Thanks for digging into this, it indeed illustrates the point well.

Just for the record:

Here's what I get on FreeBSD 10.1.2 and on macOS 10.12.4:

$ printf 'a' | sed '' | od -tx1
0000000    61  0a                                                        
0000002

macOS typically comes with an older version of the BSD implementation (which doesn't support --version, but the man pages are dated June 20, 2014 and May 10, 2005, respectively).

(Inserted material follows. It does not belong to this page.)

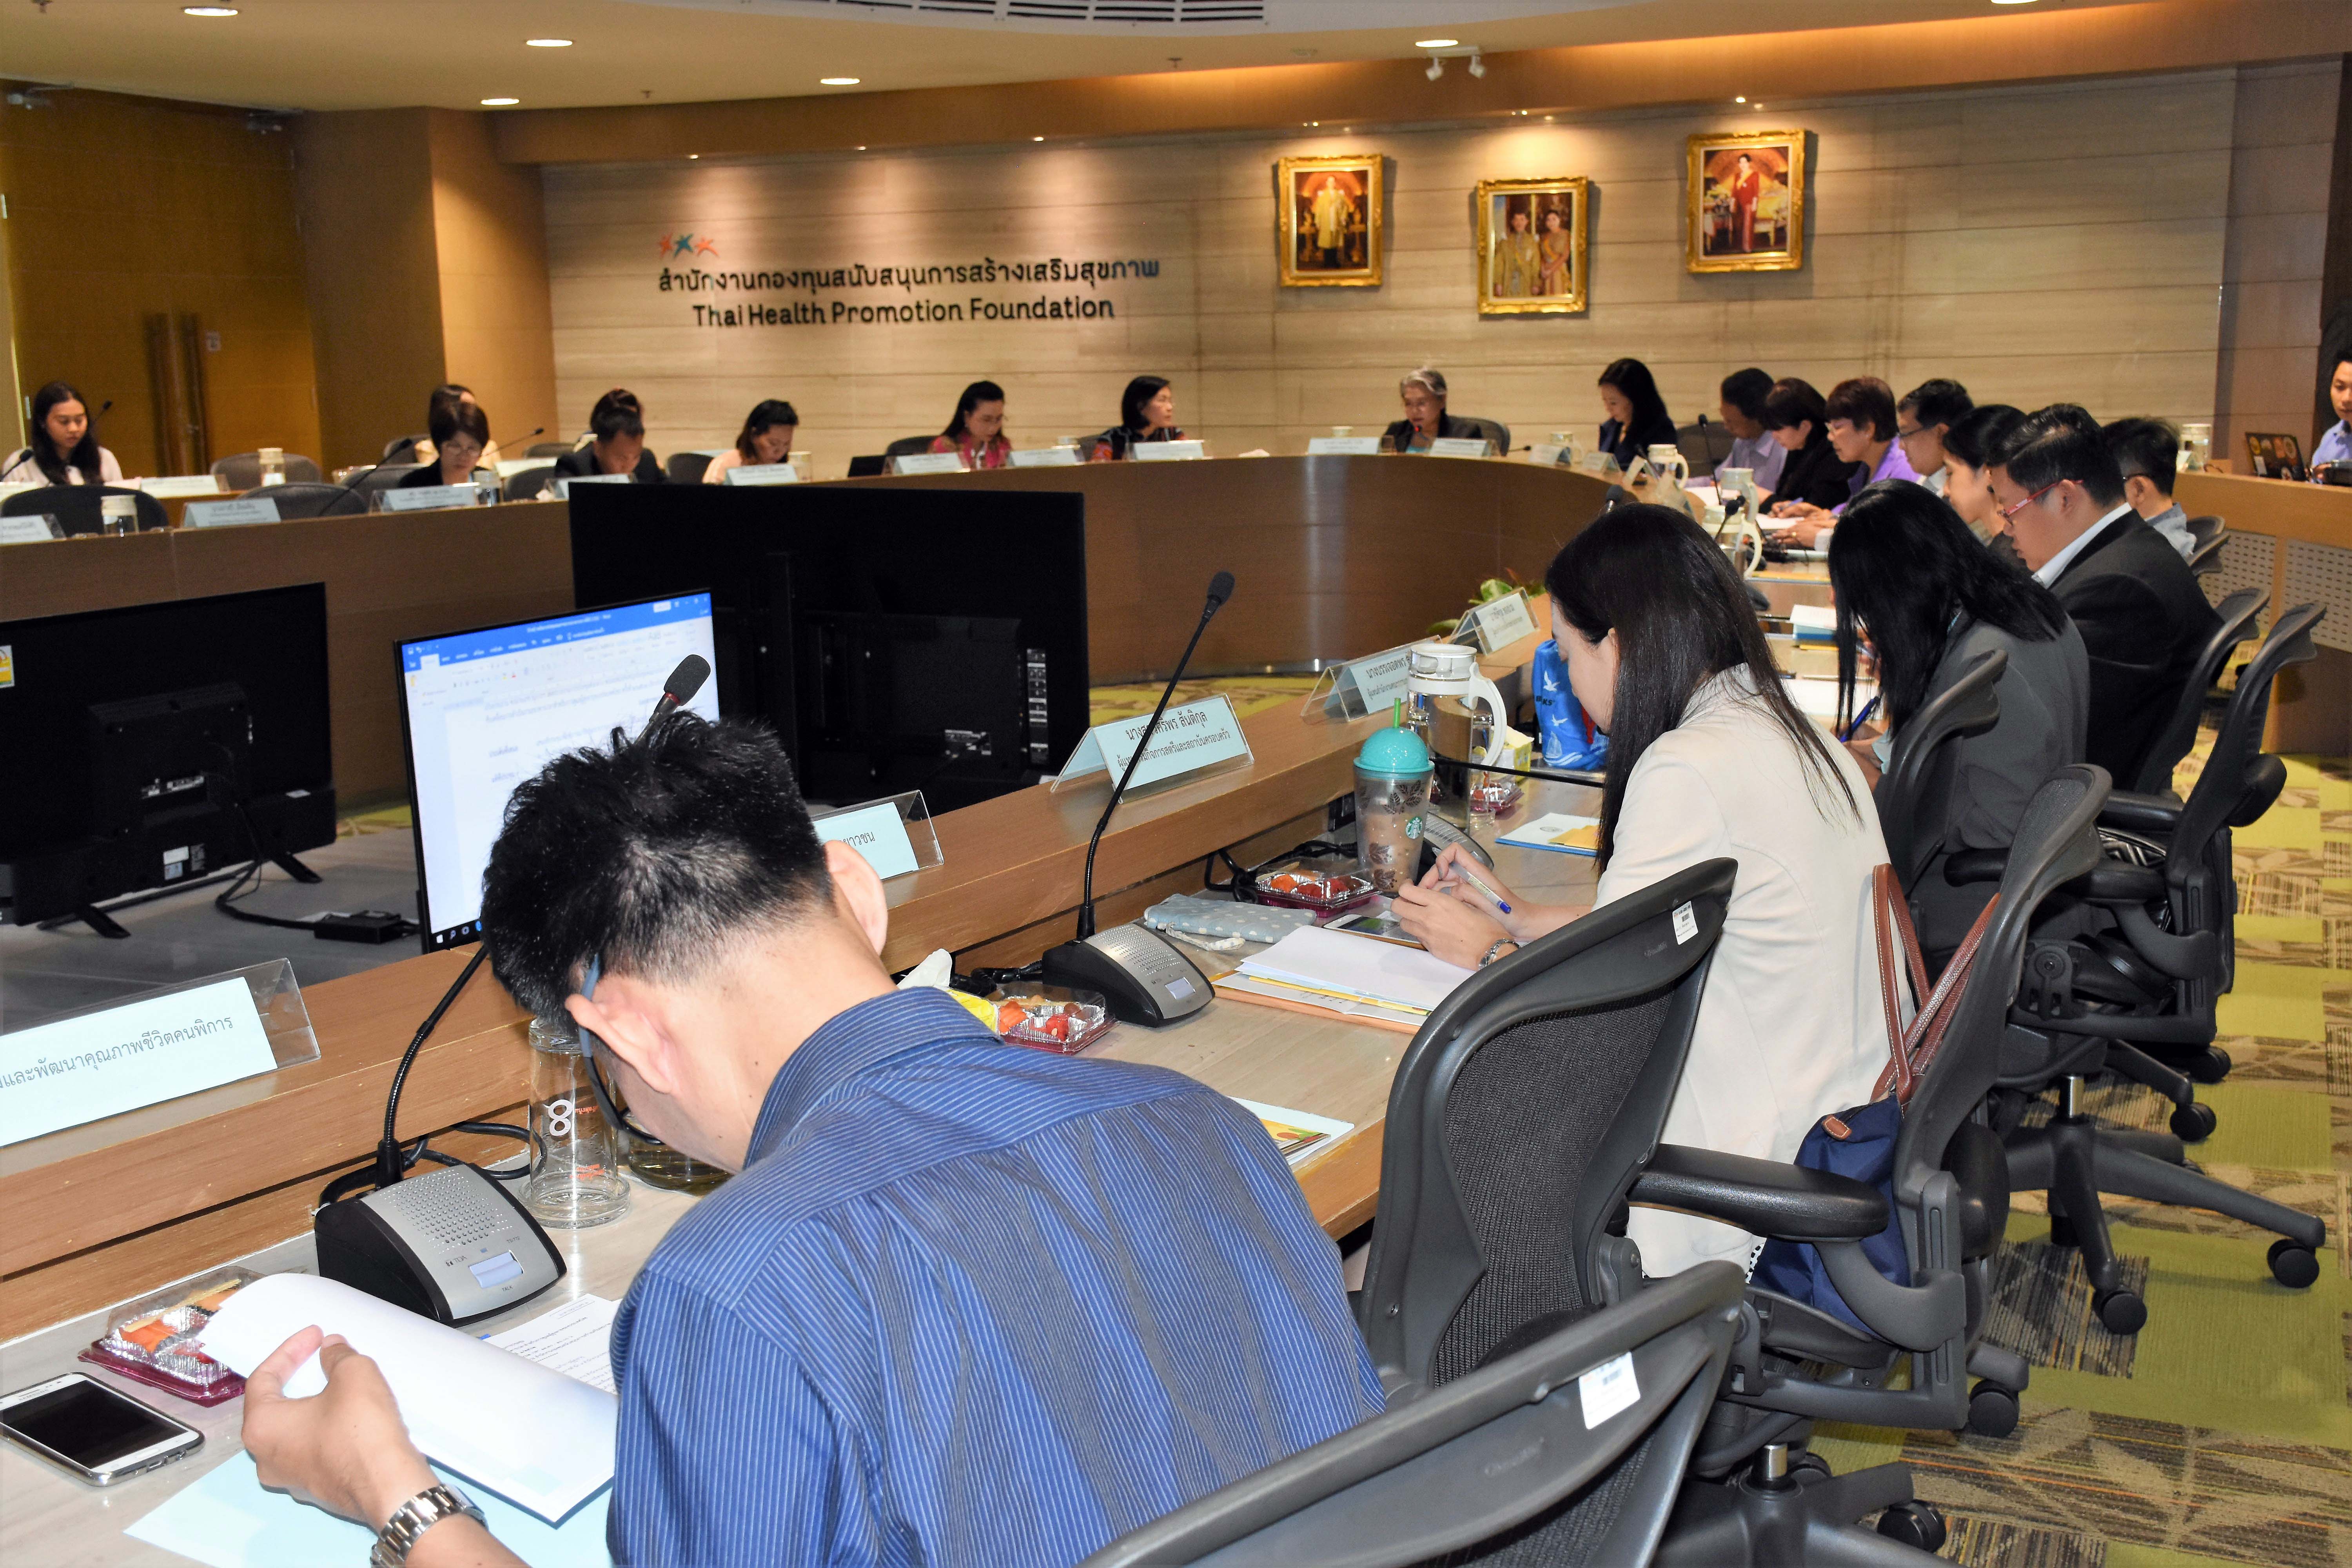 ประชุมคณะกรรมการขับเคลื่อนการดำเนินงานธนาคารเวลา สำหรับการดูแลผู้สูงอายุของประเทศไทย ครั้งที่ ๒/๒๕๖๒ 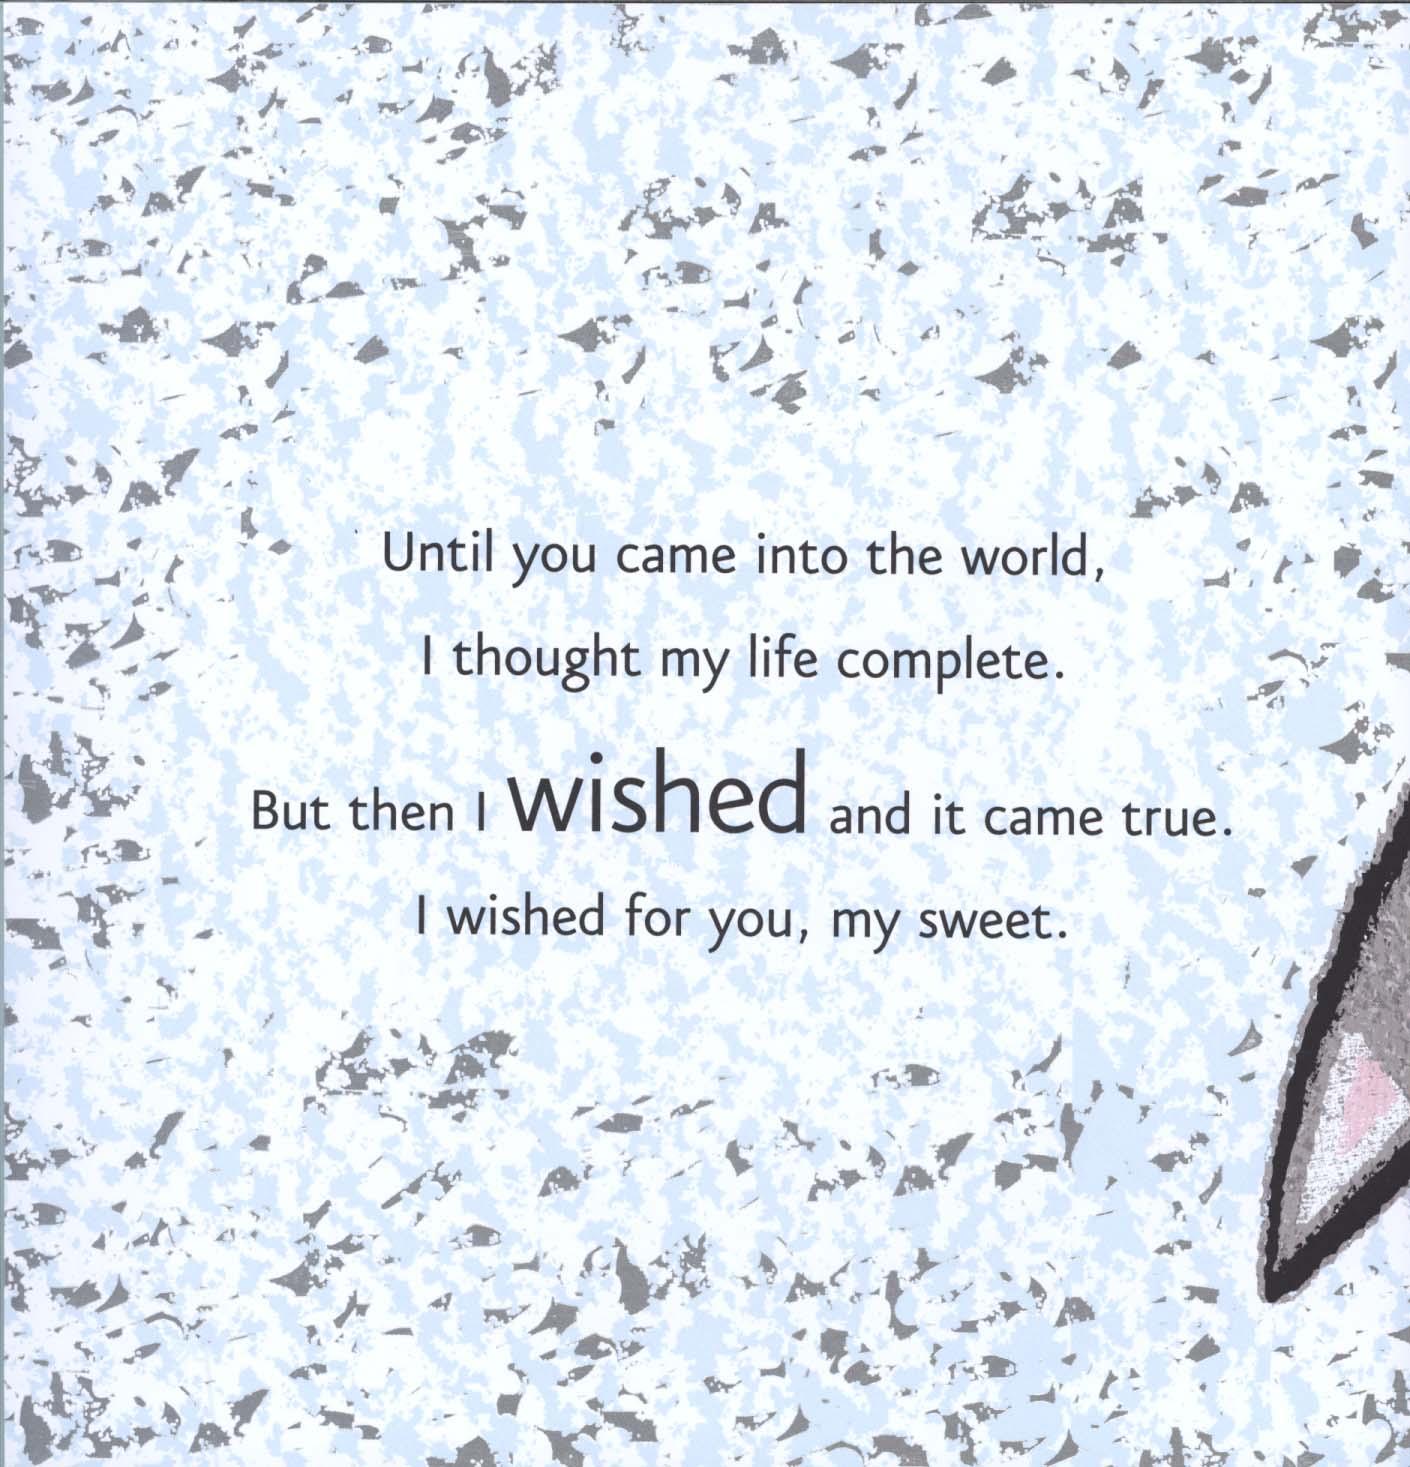 Wish...

Another (minor) point of interest:

On macOS 10.12.4 (but not FreeBSD 10.1.2), Sed chokes on bytes that aren't valid in UTF-8 encoding, when using regex-based functionality:

$ printf '\xfc\n' | sed  -n '/./p'
sed: RE error: illegal byte sequence




On Apr 20, 2017, at 2:32 PM, Assaf Gordon <assafgordon@gmail.com> wrote:

Hello,

On Thu, Apr 20, 2017 at 11:46:15AM -0500, Eric Blake wrote:
On 04/20/2017 11:36 AM, Michael Klement wrote:
Thanks for the detailed feedback, Eric.

The POSIX spec. is, unfortunately, vague on this topic:

The definition of a line (which you quote) is complemented with the definition of an incomplete line <http://pubs.opengroup.org/onlinepubs/9699919799/basedefs/V1_chap03.html#tag_03_195>:

A sequence of one or more non- <newline> characters at the end of the file.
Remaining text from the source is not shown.